Finally, defendant contends that the trial court should
have peremptorily instructed the jury regarding the circumstance
-31-
that "defendant has helped other inmates develop their religious
faiths."  While there was evidence that defendant was involved in
prison ministry, there was no evidence that his efforts had in
fact aided in the development of another inmate's faith.  There
was evidence that defendant gave other inmates positive things to
think about based on the Bible and that one inmate was attending
Bible study more frequently due to defendant's efforts.  There
was no evidence, however, as to the effect of defendant's
admonitions on other inmates or of the Bible study attendance on
this one inmate.  The evidence thus did not require a peremptory
instruction that "defendant has helped other inmates develop
their religious faiths."  This assignment of error is overruled. 

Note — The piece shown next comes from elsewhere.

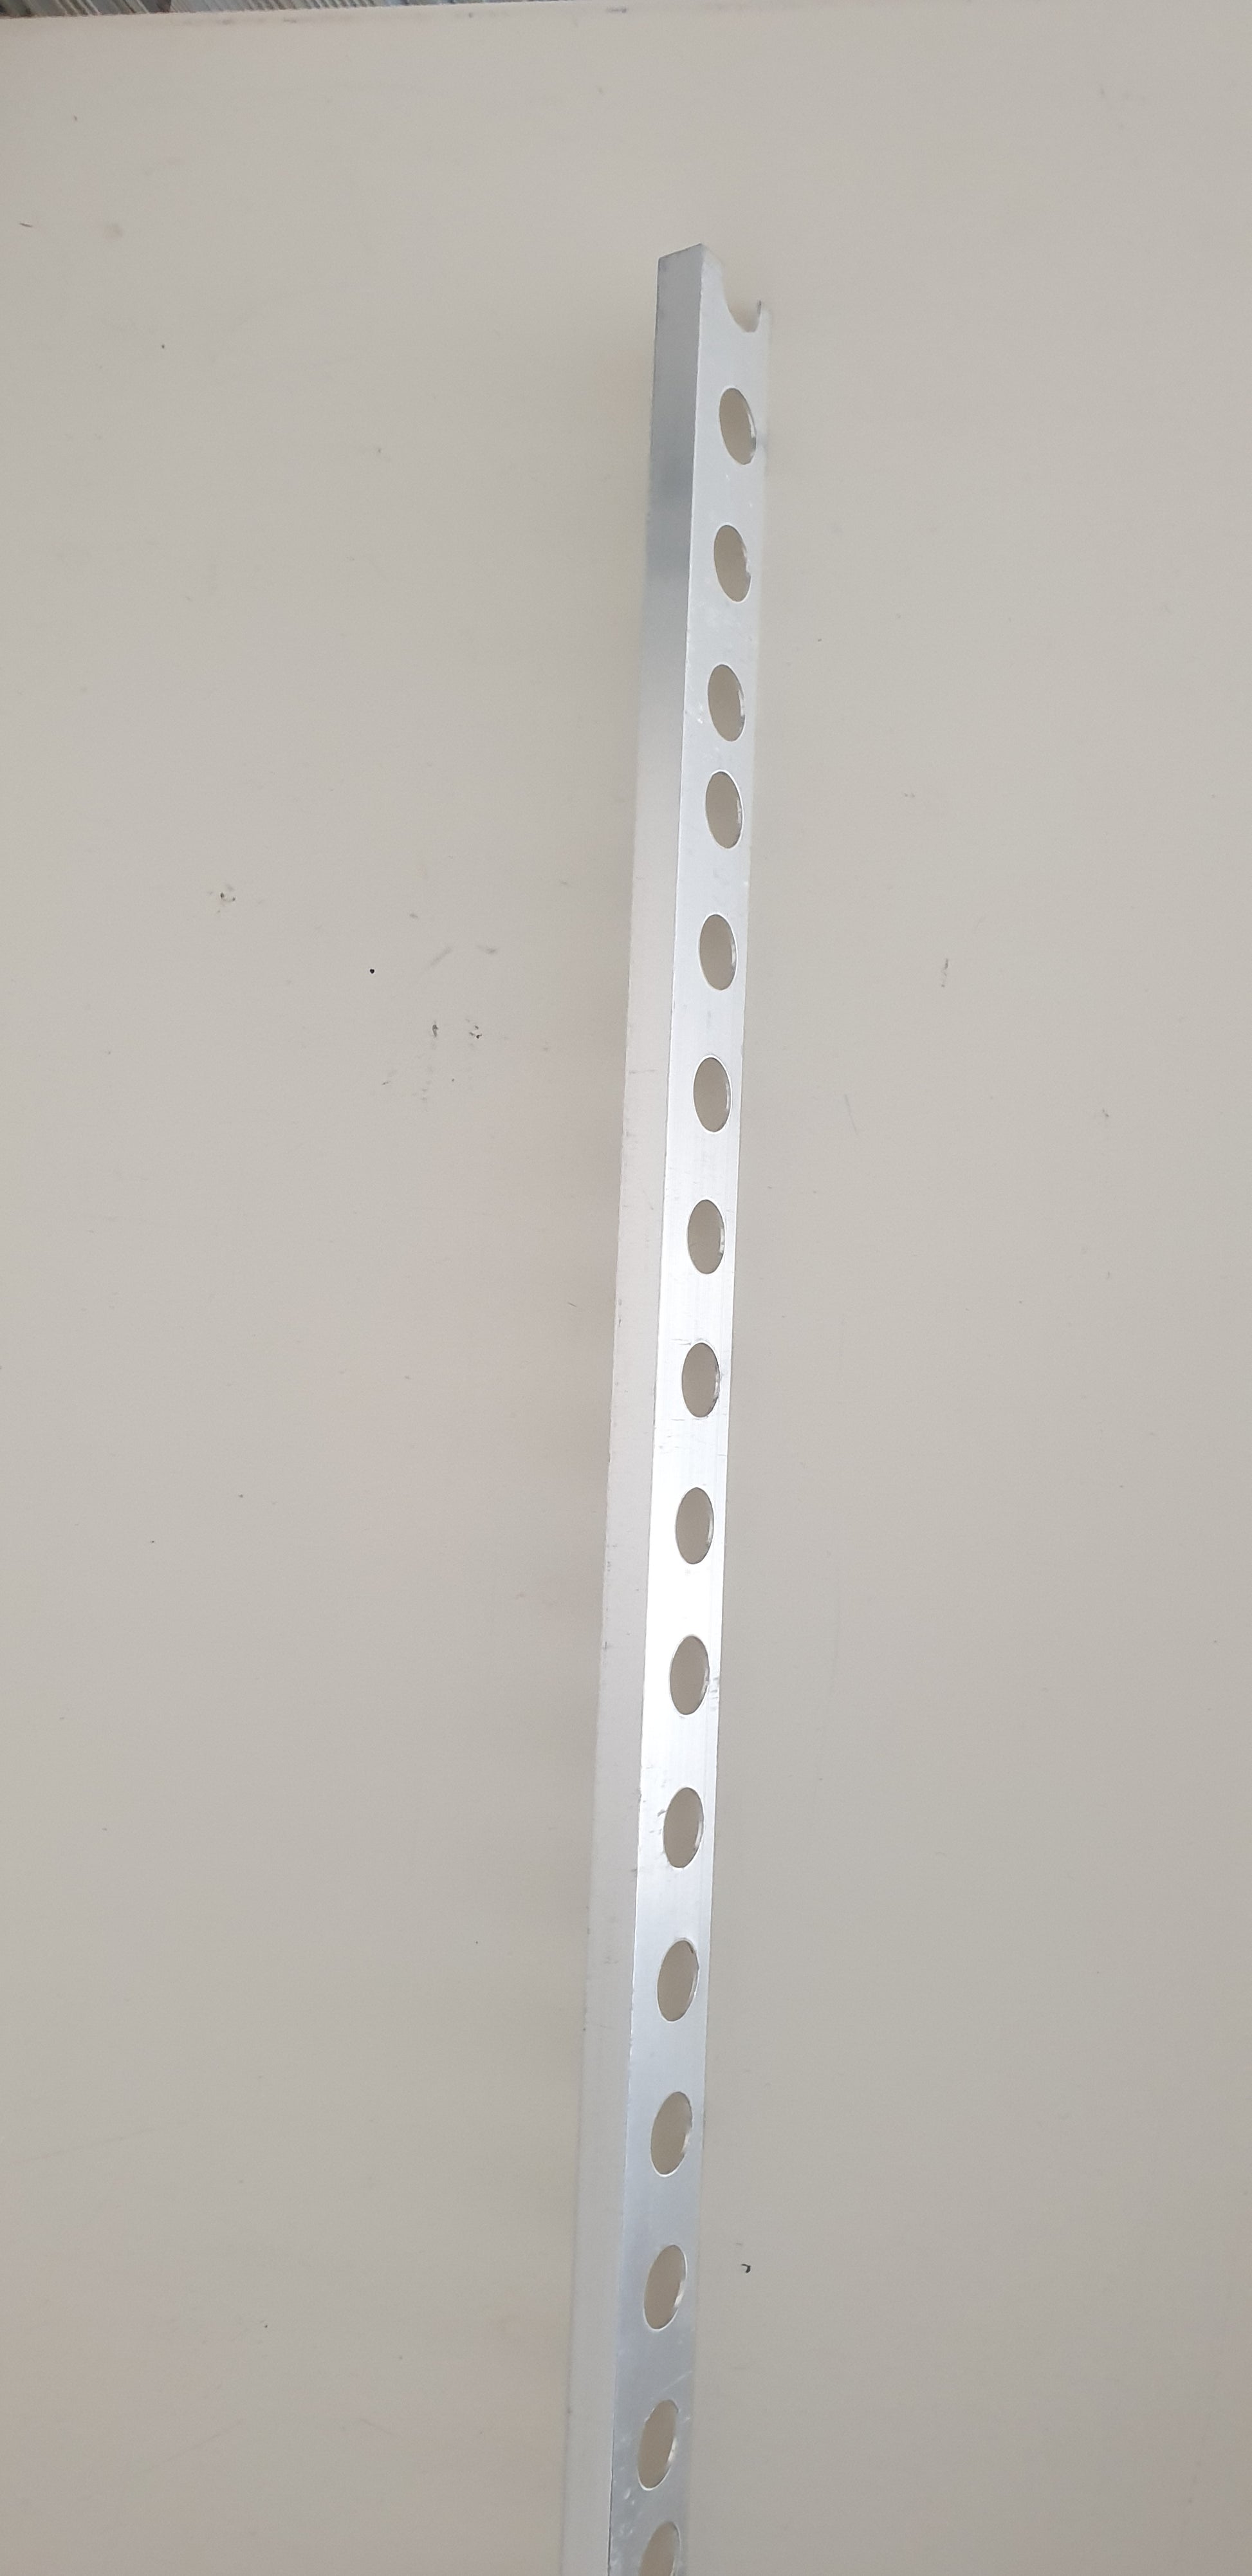 Baguette d'angle en aluminium anthracite 3.8 x 3.8 x 220 cm

 Defendant next assigns error to the trial court's
failure to intervene ex mero motu on a number of occasions during
the State's sentencing phase argument to the jury.  Argument that
passes without objection by defense counsel at trial "must be
gross indeed for this Court to hold that the trial court abused
its discretion in not recognizing and correcting ex mero motu the
comments regarded by defendant as offensive only on appeal." 
Brown, 327 N.C. at 19, 394 S.E.2d at 445.  Further, in carrying
out their duty to advocate zealously that the facts in evidence
warrant imposition of the death penalty, prosecutors are
permitted wide latitude in their arguments.  State v. Geddie, 345
N.C. 73, 97, 478 S.E.2d 146, 158 (1996), cert. denied, --- U.S.

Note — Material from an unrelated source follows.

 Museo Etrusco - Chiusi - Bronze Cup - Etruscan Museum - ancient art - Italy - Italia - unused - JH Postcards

---, --- L. Ed. 2d ---, 66 U.S.L.W. 3255 (1997).
Defendant first contends that the State improperly
focused on one aspect of the concept of mitigation to the
-32-
exclusion of others.  The State repeatedly focused on the idea
that mitigation is that which reduces moral culpability, while
neglecting to argue that mitigating value may also be based on a
defendant's age, character, prior record, mentality, education,
habits, and environment.  As we recognized when presented with
substantially the same argument in State v. Bishop, 343 N.C. 518,
472 S.E.2d 842, although these factors "may be relevant
considerations in a sentencing hearing, these words are not
essential to the basic definition of a mitigating circumstance." 
Id. at 552, 472 S.E.2d at 860.  It was not error for the trial
court to abstain from intervention ex mero motu here.
Defendant next contends that the trial court should
have intervened ex mero motu when the State argued that the jury
should not find defendant's voluntary consumption of alcohol and
drugs mitigating.  Defendant contends that the State's argument
was tantamount to misstating North Carolina law, which allows
voluntary intoxication to be considered as mitigating evidence. 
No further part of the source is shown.